■ Work item ■
Retype all of the listing exactly, with no pictures.

■ Data excerpt ■

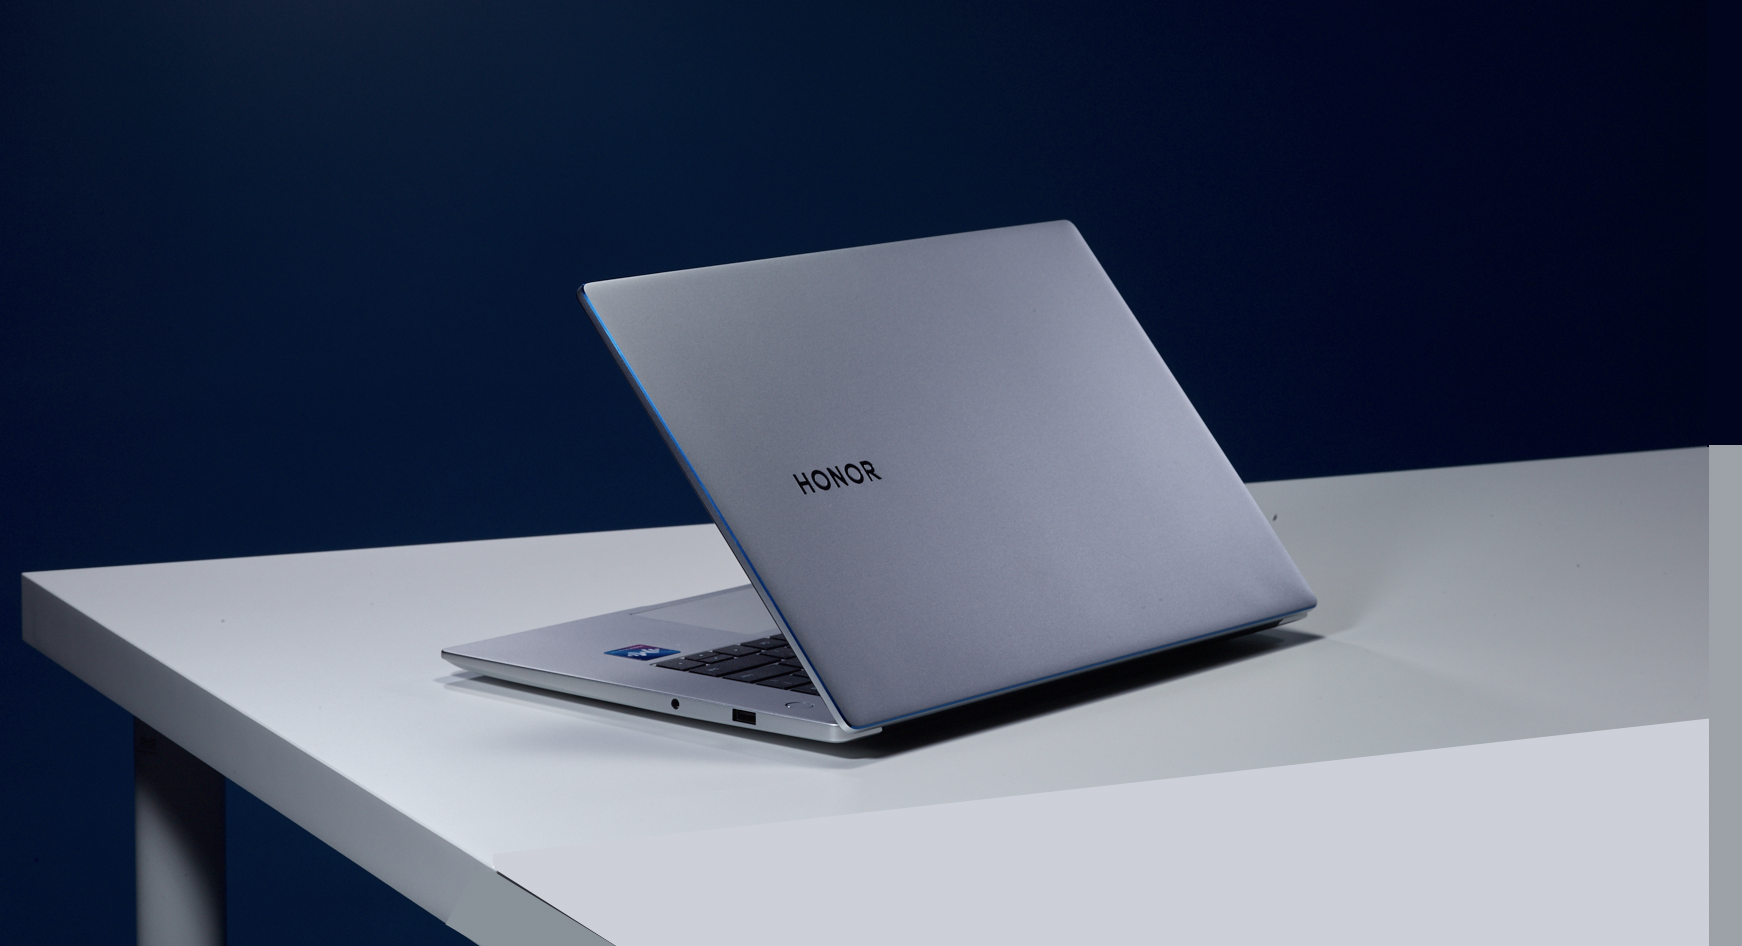  HONOR Magic 15 bakal menjadi pilihan utama komputer riba dibawah bajet RM4,000 dengan spesifikasi canggih #HONORMagicBook15
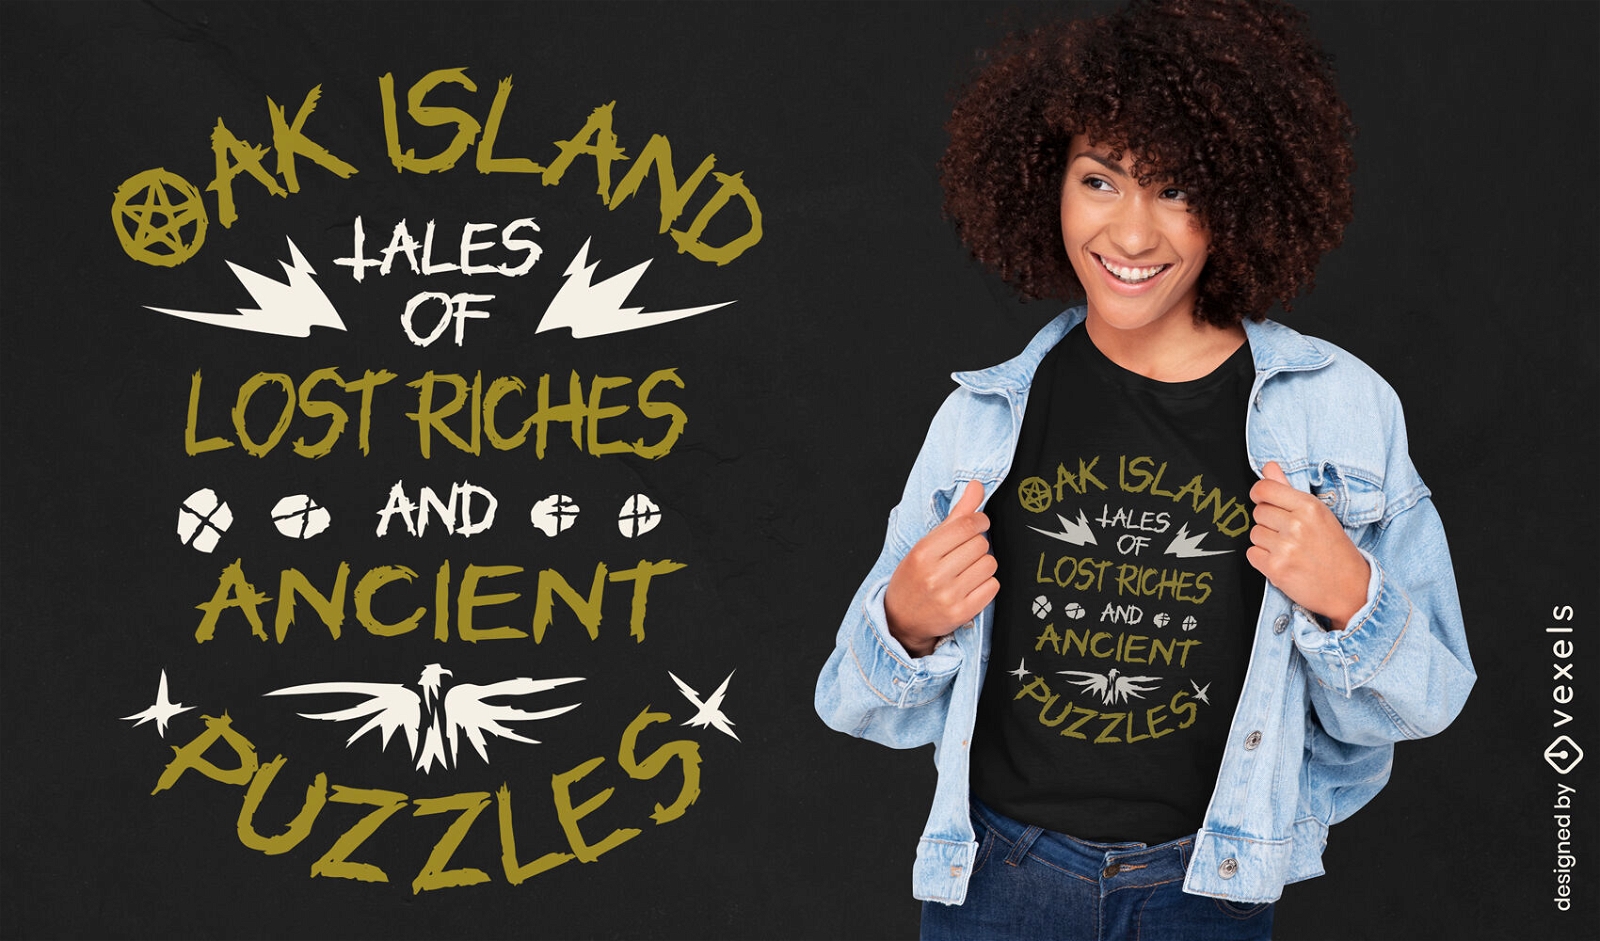 Oak Island schätzt das T-Shirt-Design mit antiken Rätseln
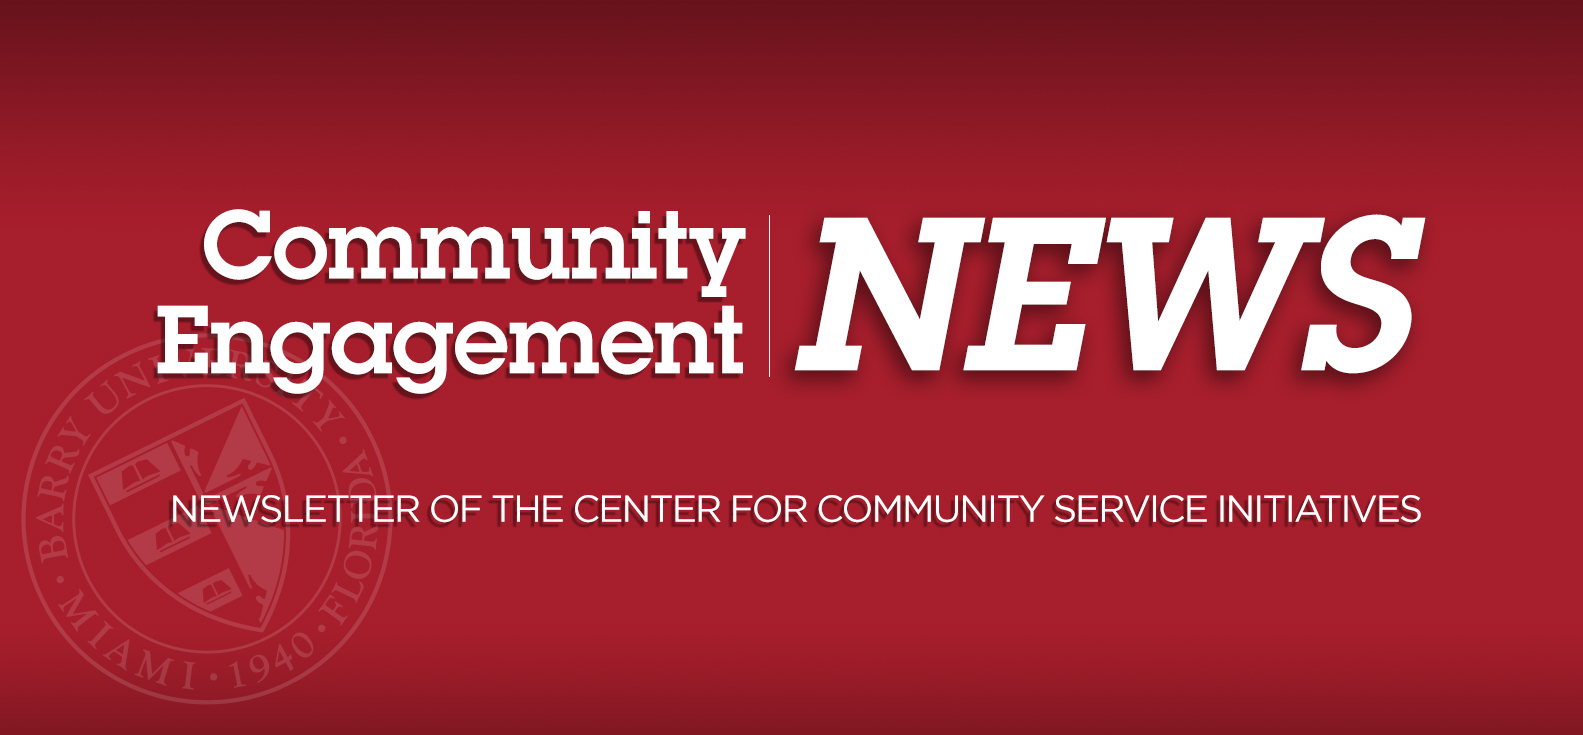 Community Engagement News

■ Completed exercise ■
  HONOR Magic 15 bakal menjadi pilihan utama komputer riba dibawah bajet RM4,000 dengan spesifikasi canggih #HONORMagicBook15
 Oak Island schätzt das T-Shirt-Design mit antiken Rätseln
 Community Engagement News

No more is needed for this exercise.